D 10.1.1.20 via 10.1.1.13, 02:57:15, Serial0/0/0

C 10.1.1.24 is directly connected, FastEthernet0/1

D 192.168.1.0/24 via 10.1.1.13, 02:57:14, Serial0/0/0

D 192.168.2.0/24 via 10.1.1.25, 02:57:14, FastEthernet0/1

D 192.168.3.0/24 via 10.1.1.13, 02:57:15, Serial0/0/0

C 192.168.4.0/24 is directly connected, FastEthernet0/0

There is just one path, which is 10.1.1.13. The metric was the same as 10.1.1.5. There was no need to question the topology table in this case since an alternative path was already present in the routing table. However, let’s use the traceroute command to double-check:

R4#traceroute 10.1.1.20

Type escape sequence to abort.

Tracing the route to 10.1.1.20

1 10.1.1.13 0 msec 5 msec 1 msec (alternate path)

1 10.1.1.5 7msec 1 msec 6 msec (original path)

It was faster to get to the 10.1.1.20 network when it only had one route, but it took longer because it had different routes. Even if we are just talking of milliseconds, there is always a pause.

So, what does all of this mean? It’s not necessarily a positive idea to provide redundancy. This is a full-mesh topology, which is very expensive and causes delays. As a result, be cautious with your network configuration. There is such a thing as too much redundancy, and Layer 3 loops and delays are simple to build.

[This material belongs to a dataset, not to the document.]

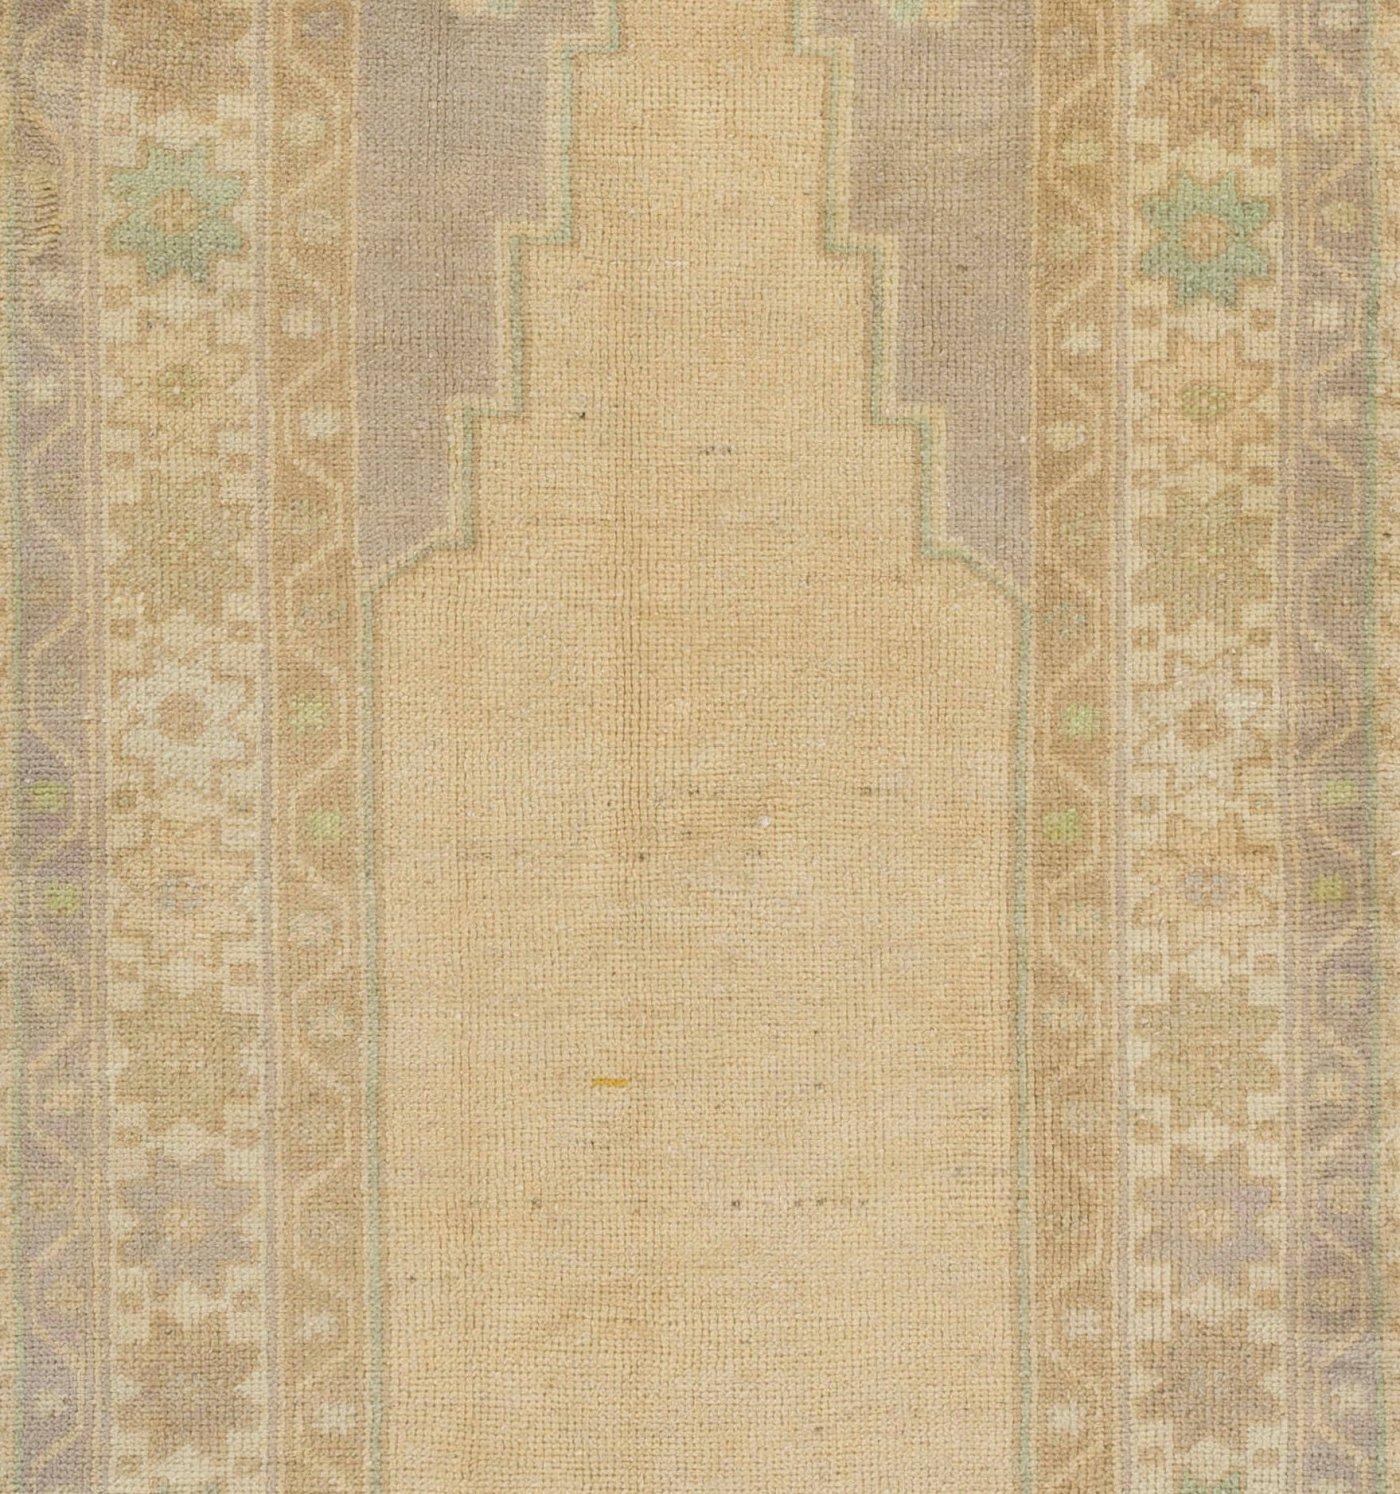 Hand-Knotted 2.8x6.6 Ft Faded Turkish Prayer Rug, Vintage Handmade Accent Rug. Beige Door Mat For Sale

We looked at the routing table but not the topology table, so I’m going to restart the s0/0/0 interface and double-check the routing table to make sure it is still as it should be, before moving on to the topology table.

I get the following notification almost immediately after turning on the s0/0/0 interface on R1:

R4#

%LINK-5-CHANGED: Interface Serial0/0/1, changed state to up

%LINEPROTO-5-UPDOWN: Line protocol on Interface Serial0/0/1, changed state to up

%DUAL-5-NBRCHANGE: IP-EIGRP 100: Neighbor 10.1.1.5 (Serial0/0/1) is up: new adjacency

Let us peek at the routing table on R4:

R4#sh ip route

Gateway of last resort is not set

10.0.0.0/30 is subnetted, 6 subnets

C 10.1.1.4 is directly connected, Serial0/0/1

D 10.1.1.8 via 10.1.1.25, 03:08:05, FastEthernet0/1

C 10.1.1.12 is directly connected, Serial0/0/0

D 10.1.1.16 via 10.1.1.25, 03:08:05, FastEthernet0/1

D 10.1.1.20 via 10.1.1.13, 03:08:05, Serial0/0/0

via 10.1.1.5, 00:01:45, Serial0/0/1

C 10.1.1.24 is directly connected, FastEthernet0/1

D 192.168.1.0/24 via 10.1.1.5, 00:01:45, Serial0/0/1

D 192.168.2.0/24 via 10.1.1.25, 03:08:05, FastEthernet0/1

D 192.168.3.0/24 via 10.1.1.13, 03:08:05, Serial0/0/0

C 192.168.4.0/24 is directly connected, FastEthernet0/0

It’s worth noting that the network’s first route is now 10.1.1.13, rather than 10.1.1.5, as it was previously.

Let’s have a peek at the topology table now:

Remember that the topology includes all feasible paths to all destination networks. Just the lowest FD routes make it to the routing table, earning the title of successor path. The highlighted networks are identical to the ones seen in the routing chart.

Since they each have the same formula, they will both be considered successor routes.